High tides led to spotty coastal flooding around the Charleston region Wednesday morning, an event that didn't cripple the region's traffic but served as the most recent example of the Holy City's new normal.
Several problem areas were inundated, including the exit from the Ashley River Bridge to S.C. Highway 61 in West Ashley, southern portions of Lockwood Drive downtown, and Hagood Street between Fishburne and Line streets.
The Septima P. Clark Parkway, a crucial artery through the heart of the city that can get swamped in an intense rain, stayed dry, as did the chronically poor-draining intersection of King and Huger streets. That reflected the nature of the day's flooding was more from high tides than rainfall.
The confluence of strong northeast winds pushing water into the shore and a near-full moon combined to raise the tidal gauges in Charleston Harbor just above 8 feet, a level the National Weather Service considers major flood stage.
"Typically with those high astronomical factors, that's what really gives us a boost," NWS Forecaster Emily McGraw said, though an 8-foot tide "is certainly pretty rare."
Rising water infiltrated the city though some storm drains, creeks and marshes. The flooding stopped short of some of the city's worst episodes, however, because there wasn't much rain on top of it. Less than half an inch of rain fell Wednesday morning.
During the last three decades, Charleston has seen tides of 8 feet or higher; more than half of them took place in the past four years, McGraw said.
The prospect of rising sea levels driven by climate change promise to make the phenomenon even more frequent. The recent Fourth National Climate Assessment projected that Charleston's tidal flooding — sometimes called "sunny-day flooding" or "nuisance flooding" — could occur as often as every other day by 2045.
Every time conditions point to flooding, it becomes an "all hands on deck effort" for city employees, said Mark Wilbert, chief resilience officer for the city of Charleston.
Wilbert and Emergency Management Director Shannon Scaff were scheduled to attend an emergency response conference in Myrtle Beach but stayed behind to prepare for the tides.

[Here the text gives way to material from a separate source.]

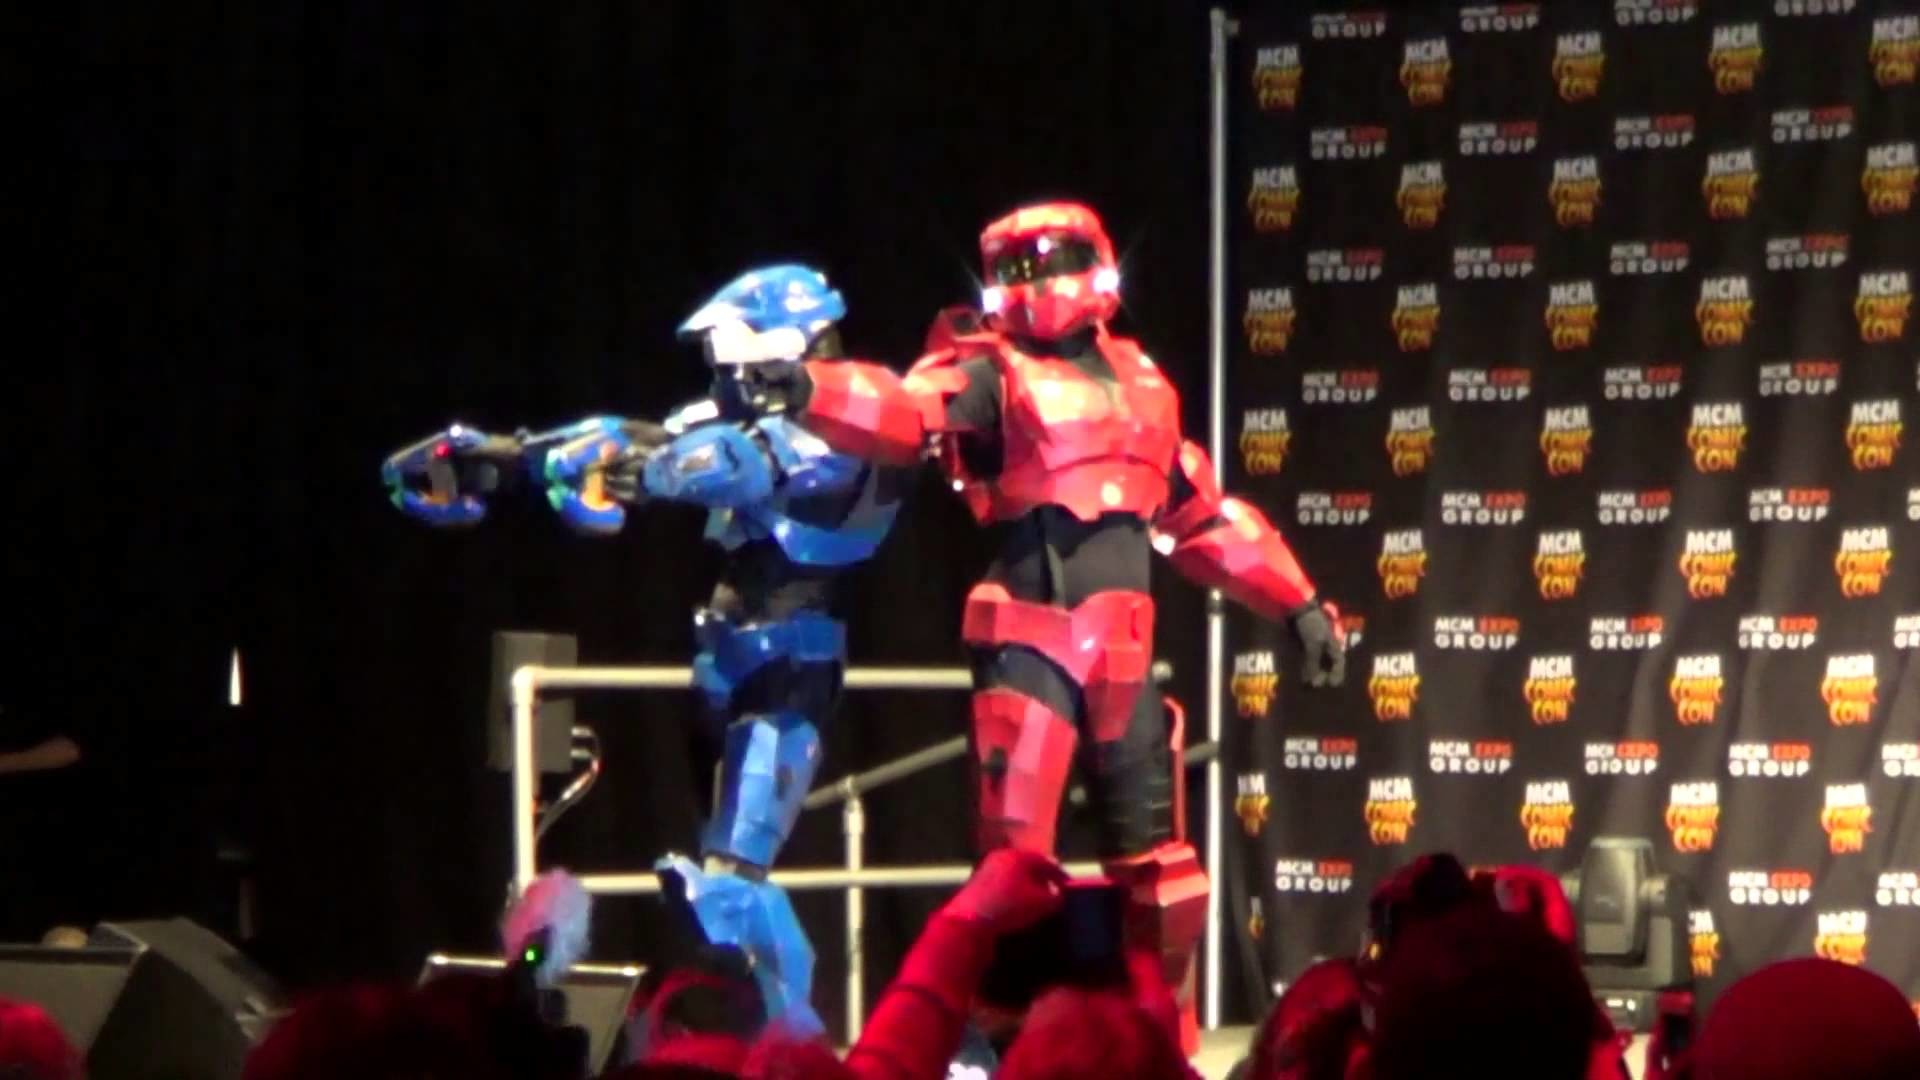 1920x1080 Red Vs. Blue (Halo 3) - Saturday Cosplay Masquerade - MCM London Comic Con  May 2013 - YouTube
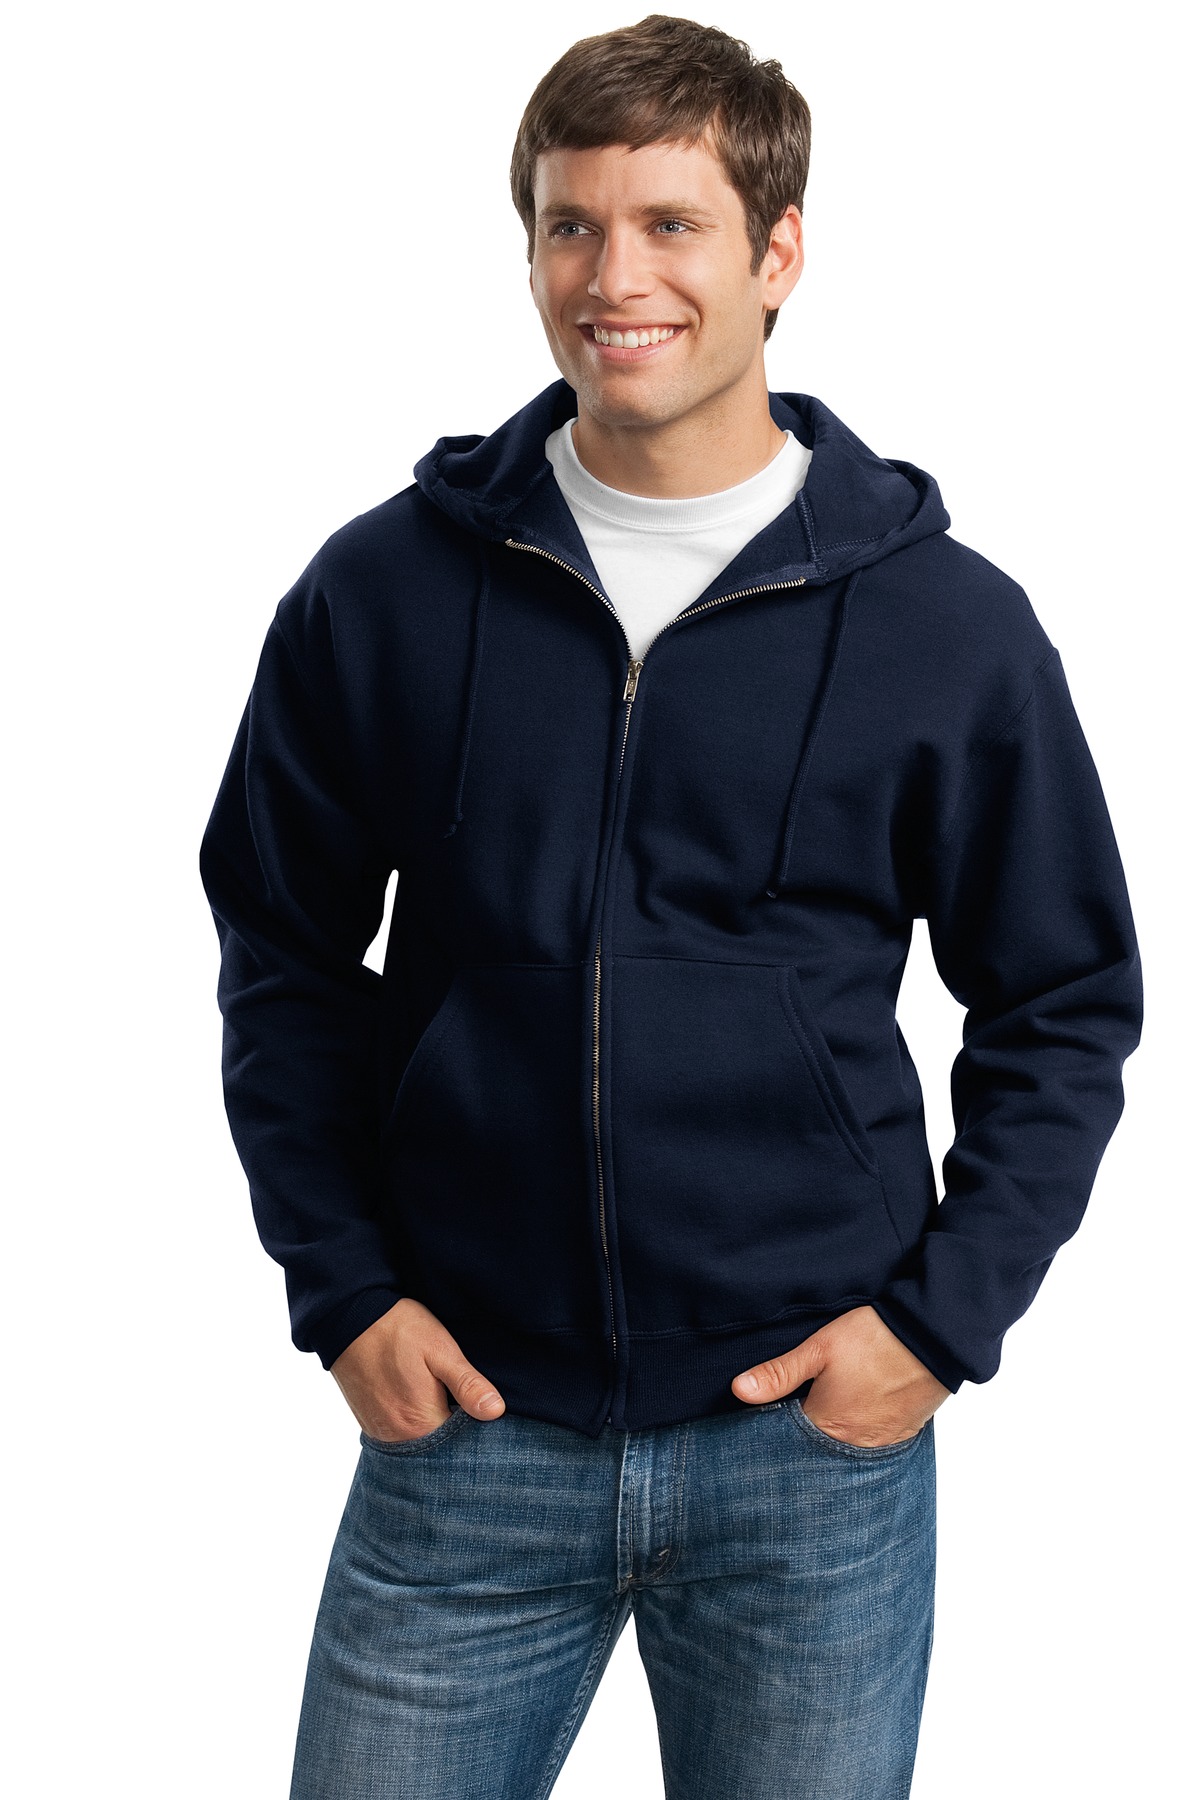 Sweatshirts-Fleece-Full-Zip-7

On Tuesday, city departments met to discuss their plans, and Scaff met with representatives of the local universities and hospitals, too.
"That helps to get the (whole) city on the same page," Wilbert said.
Then, the city did something it hasn't for a few years: It issued its own travel advisory, warning commuters about flooding at specific intersections. It's an effort the city is going to refine, Wilbert said, but it may be more difficult to issue warnings in situations when unexpectedly heavy rains take the region by surprise.
"This one was well-advertised, well-expected," Wilbert said. "There’s going to be those unexpected incidents where it just may happen and we just may not have the information."
In some areas, the city's check valves, which allow water to flow out of storm drains but not rise back up, helped keep problem areas dry. That, combined with an improved berm on the side of Morrison Drive staved off flooding there, Wilbert said.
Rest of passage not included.